I sent GW a email asking about the price 

"Hello, I was just wondering why is it cheaper for me to order the warhammer collectors edition & gamers edition rulebook from your UK branch. to buy it from GW uk it would cost me 128 AUD plus postage of about 10 dollars. why is this? it just inconveniences your customers."

this was there reply

"Good afternoon,
Thanks for writing in. Each business sets it's own prices for it's products. The Warhammer 8th edition rulebook retails for $124 AUD here in Australia with free of charge standard shipping anywhere in Australia. You can place a pre-order on our website here;
http://www.games-workshop.com/gws/catalog/armySubUnitCats.jsp?catId=cat1510420&rootCatGameStyle=wh

Thanks again, feel free to contact us again if you have any further queries."
what did that have to do with the original question???


----------



## Katie Drake (Nov 28, 2007)

mic1402 said:


> what did that have to do with the original question???
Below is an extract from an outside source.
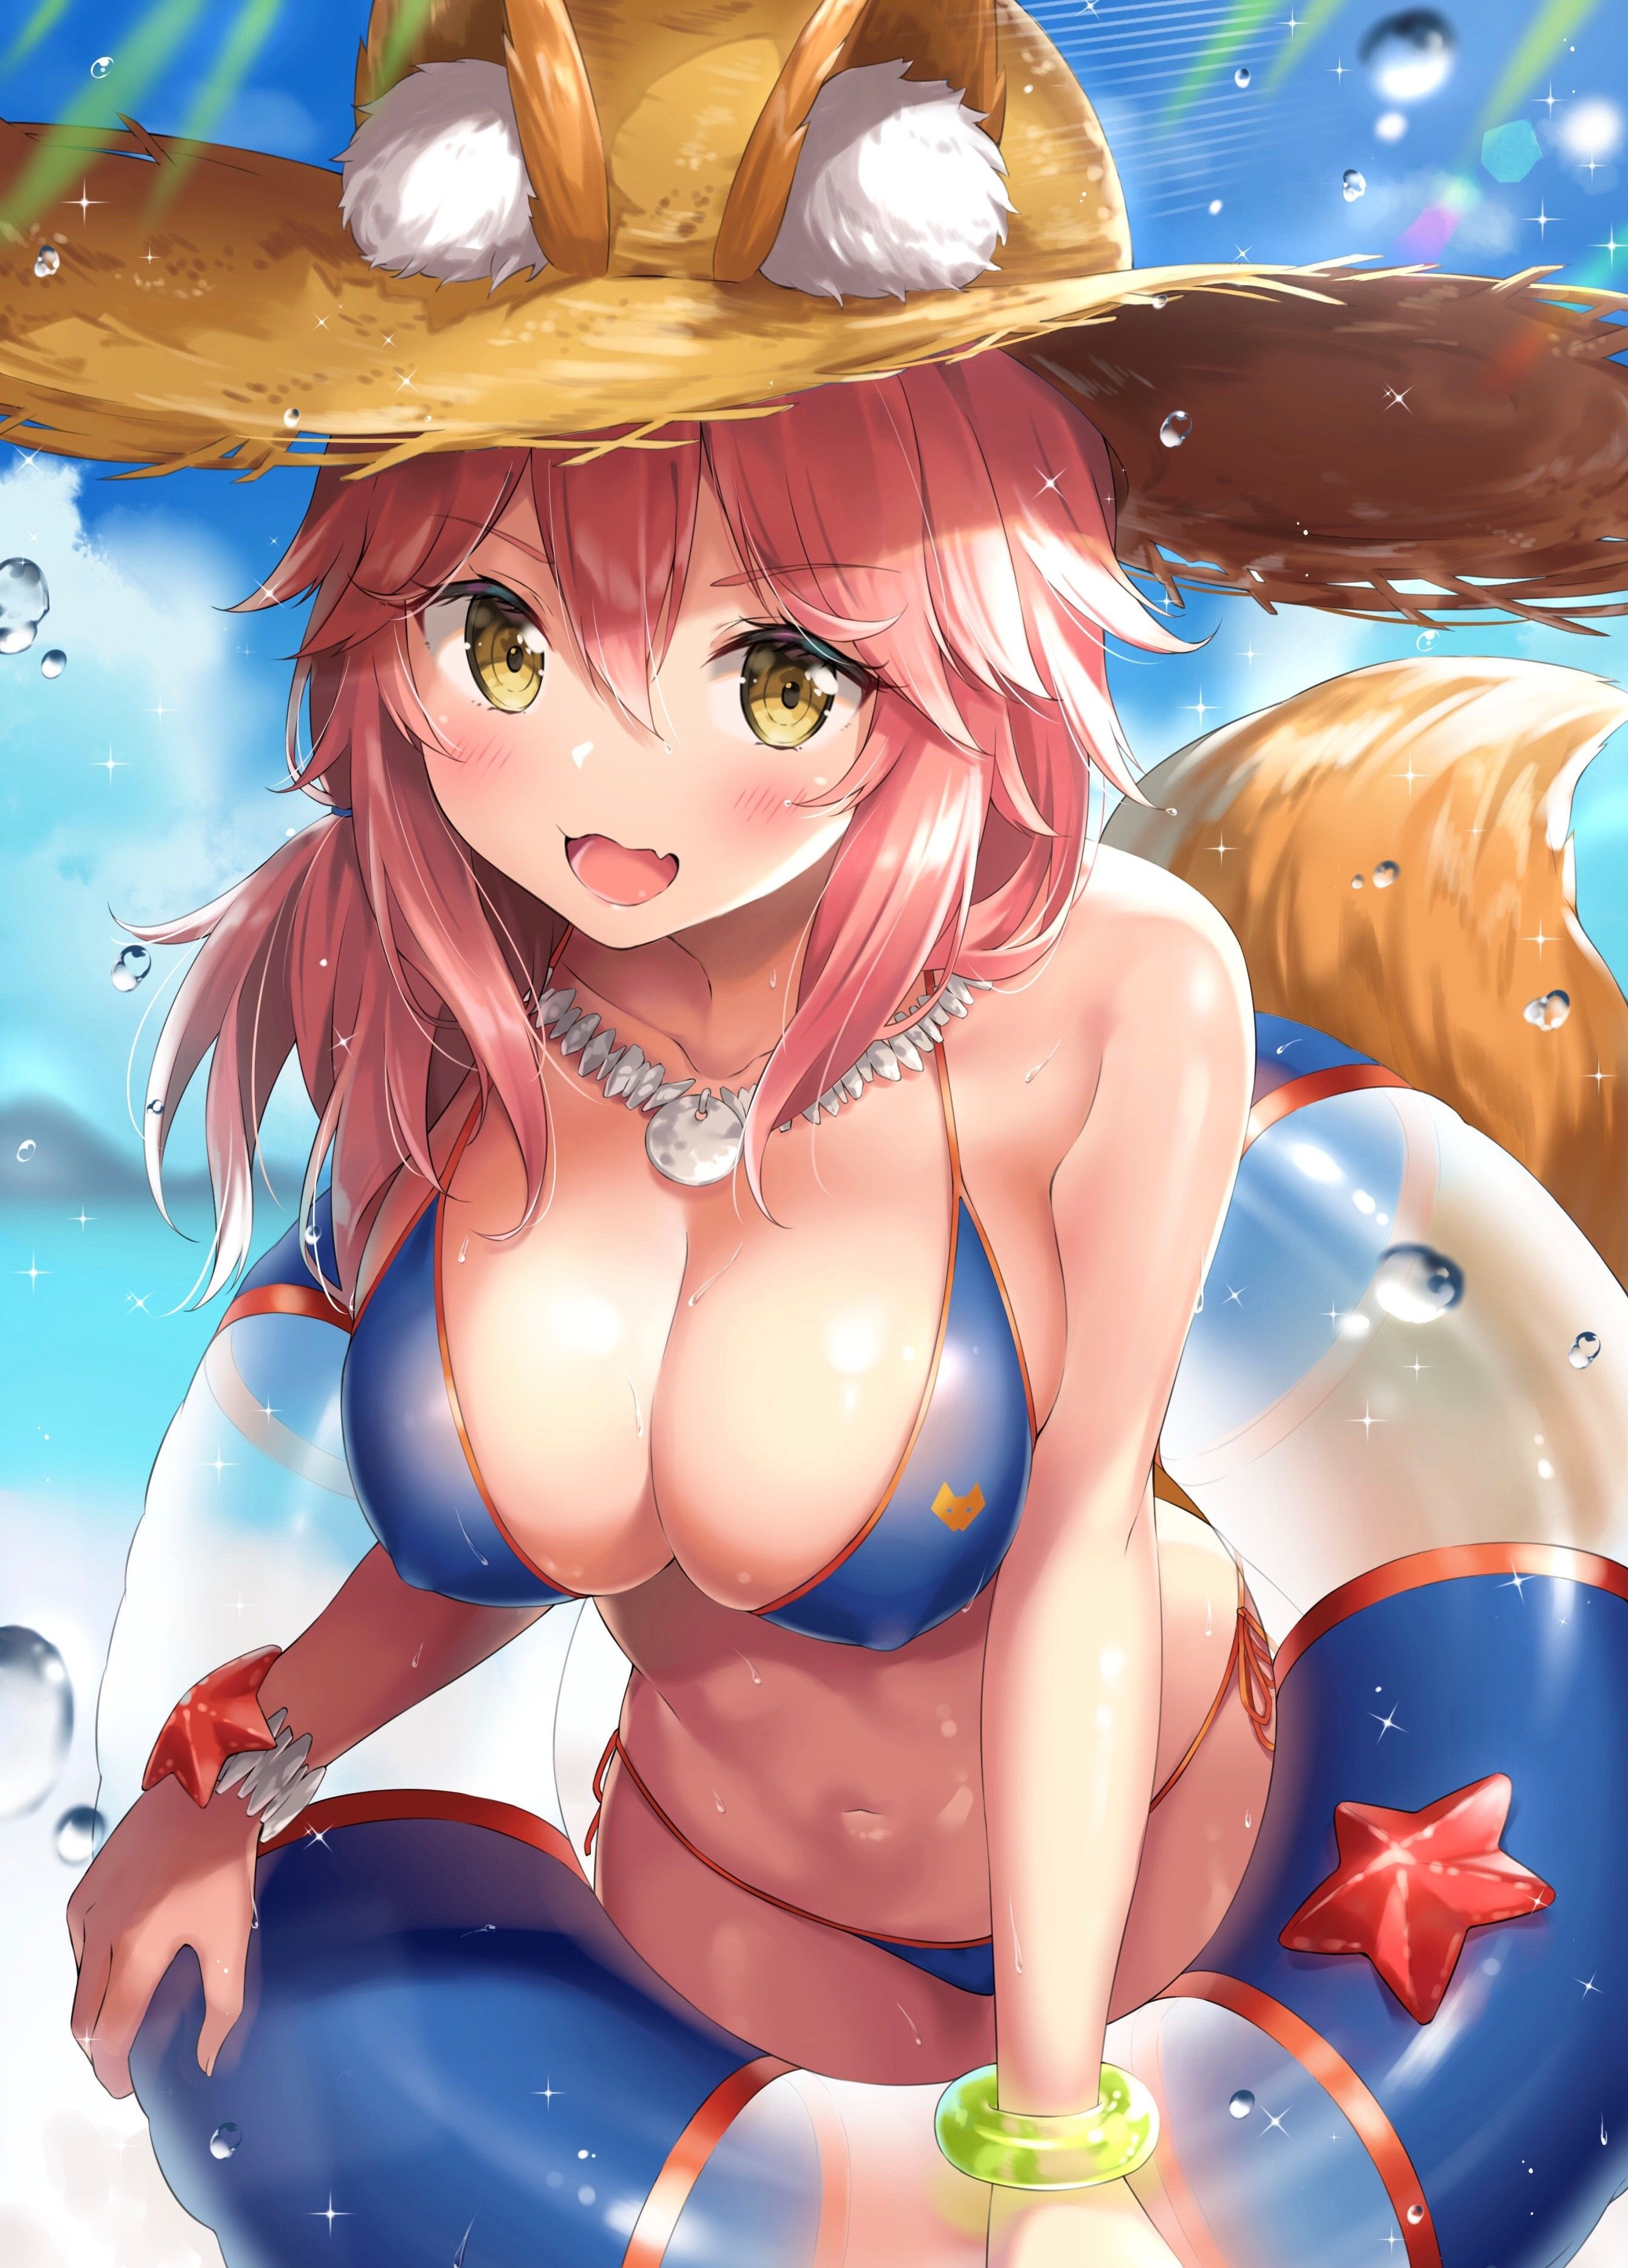 Voyeur Secondary Erotic Fate/Grand Order (Fate/extra), Cass Fox That Tamamo Before The Miko Image Summary! No.09 20 Sheets Latinas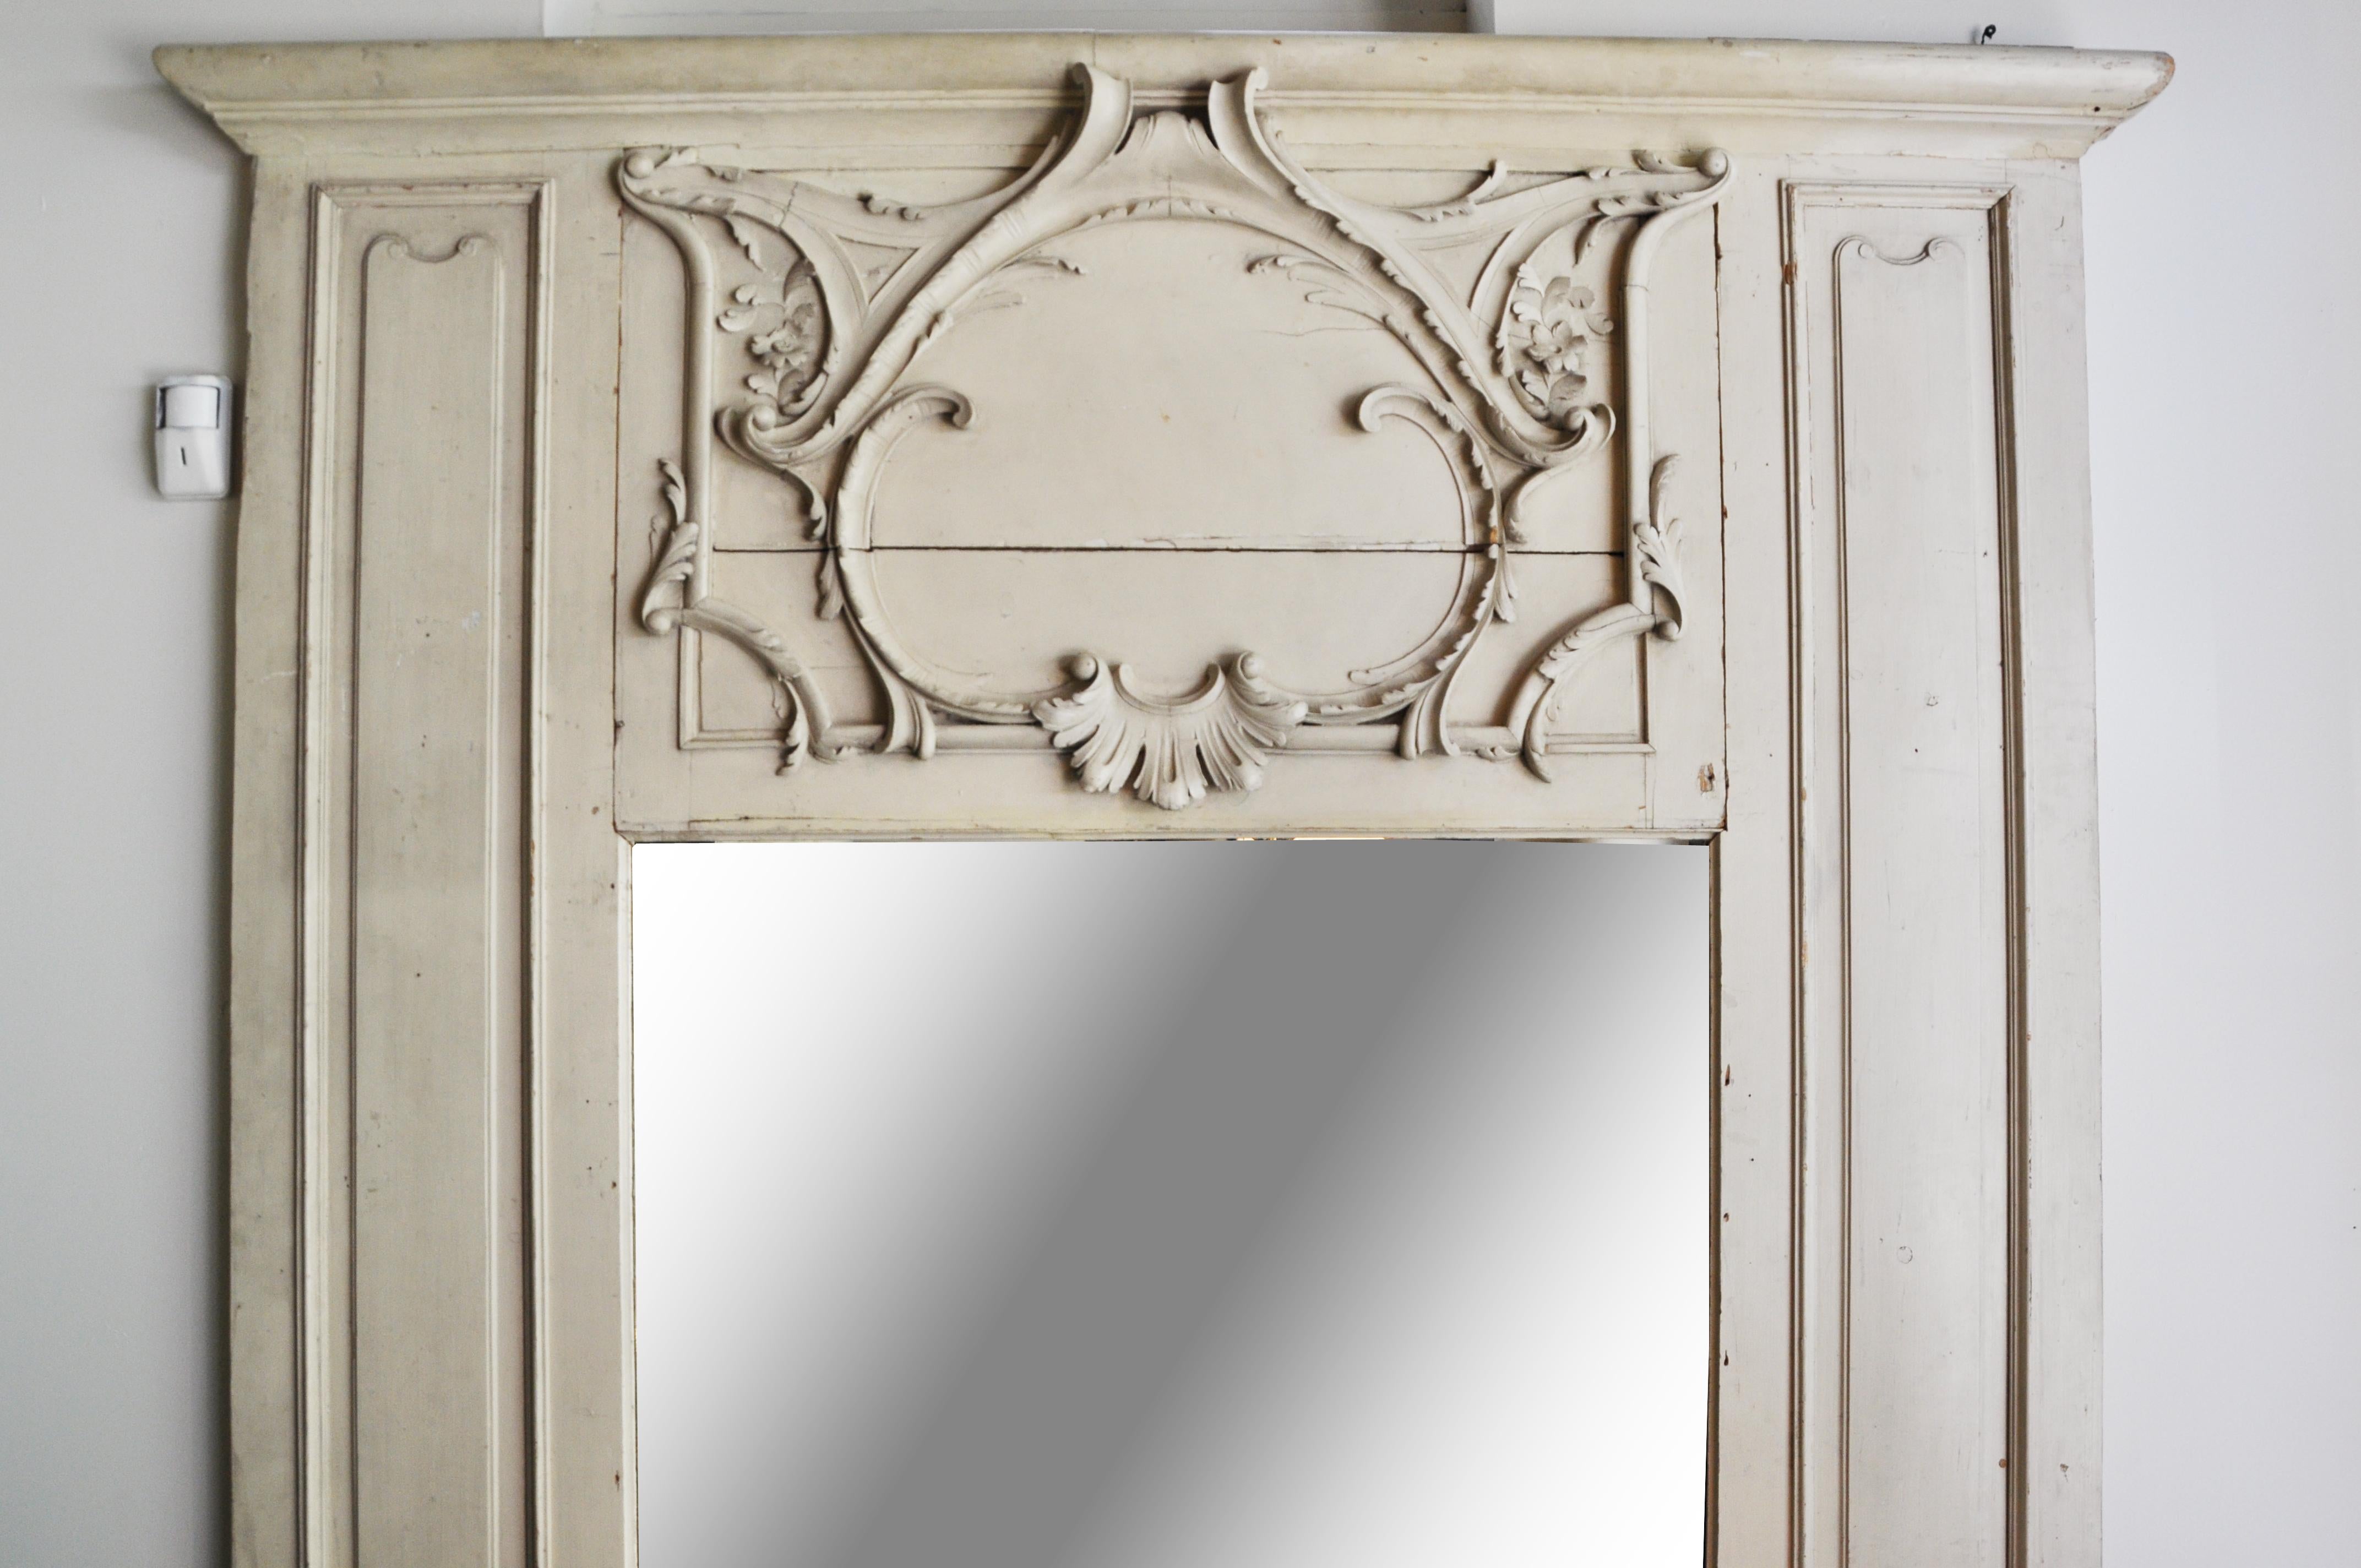 This elegant wall mirror is from France and was made from wood and glass, circa 19th century. This large and well-carved mirror frame was once part of the architecture of a prominent room such as a dining room or salon. The flat panels are fir or

If you've ever seen a politician answer a question s/he didn't want to, you'll know what that email was. To spell it out, it's known as "dodging the question".


----------



## mic1402 (Jun 4, 2010)

yeah i know. sent another email. more specific this time.


----------



## ChaosRedCorsairLord (Apr 17, 2009)

As my father always says politicians can talk all day without saying anything. It seems to apply to GW too...


----------